But this is not a post about Thanksgiving. It isn't even going to be a post memorializing my parents.
I've already written those posts, and it's too painful to write them again right now. Yet this week I'm confronted by both of those things; the joyful memories of Thanksgiving and the sorrowful pangs of great loss are stirring in me hourly right now. All of this, on top of the trying season of my life I've been in, has forced me to make a decision; run away or process and learn.

I've chosen to process. And if I've learned anything in this season and from the death of my parents it is this: we can't do life alone. We can't move ahead in life alone. We can't be happy alone.

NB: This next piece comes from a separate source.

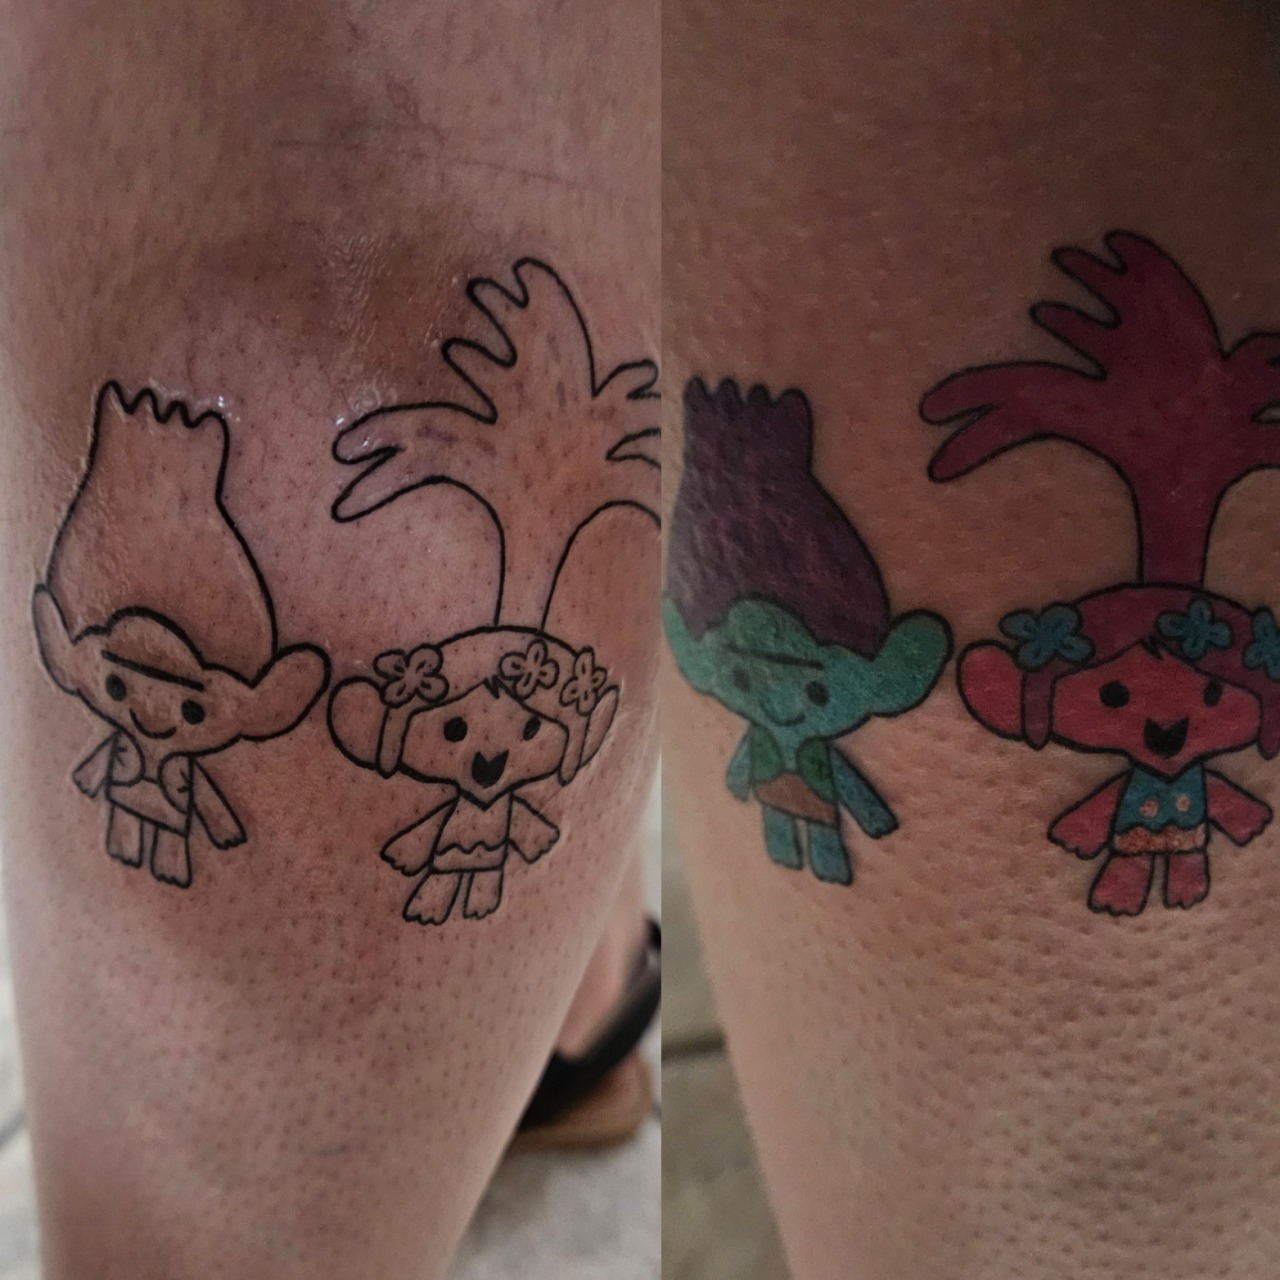 Poppy Trolls tattoo done by Bob Price at Inferno studios in Kane PA | Alden  Tanski | Emo tattoos, Tattoos with meaning, Tattoos

From the time I was born until they passed away, my parents were my biggest cheerleaders. They believed in me wholeheartedly and they never, ever let me go a minute in my life without knowing it. As it pertained to my dreams and ambitions, the word "can't" was illegal in my family. If I purposed to do something my parents would do two things. One, they would voice to me any concerns they had and help me understand what my decision meant as far as sacrifice and effort required. They would do this once. After I had heard them out I would either stick with the decision or change my mind. Which brings me to the second thing they would do. After I had made my choice for good, they would support me with every ounce of their being. If they disagreed they would never let me know. They would love me with everything they could, letting me know they proud of me and that I could do it. In my entire life I can't think of one time I felt discouraged by my parents when it came to going after my dreams.

I believe that because of them and the way they chose to believe in me I was pretty fearless in life. They taught me personal responsibility by not allowing me to drive until I had a job and could pay my own insurance and gas. They were empowering without being enabling. My parents encouraged risk, and they always helped me back up when I failed. Because of them I was brave enough to travel at a young age. Because of them I had the guts to try new things. I knew I was loved and believed in no matter what.

As long as they were alive I can see that I was always moving ahead in life. I did well in school and was involved in many activities. I would get new jobs and be promoted quickly. I was always trying new things. I wanted to see a new place, so I would go. I wasn't afraid of money or failure. I always knew I was covered and safe.

As I grew and encountered disappointments in life my parents still believed and even fought for me. They were my greatest advocate. When I was moving back to California from North Carolina during the horrible economy of 2009, my parents spread the word of my return and I had 4 job offers immediately. When I was laid off and couldn't pay rent my mom spoke out on our behalf and got us help. When I was working dead end jobs I was still moving forward in my dreams of ministry because people respected my father and trusted him when he said "my son can do this too." Thanks to them I always had someone to push me and encourage me all at once. They knew exactly how to speak to me to keep me hoping and moving forward. They knew how to make me feel safe even when things were seemingly falling apart.

I didn't realize I had lost all of that until recent months. When I was at school at Bethel I was in a culture of encouragement, empowerment, and risk-taking. Because I was in school for another 18 months after my parents passed, I never had to face the full reality of what I had lost in their death. Now, 6 months after graduating, I fully understand. The last few months have been the loneliest of my life.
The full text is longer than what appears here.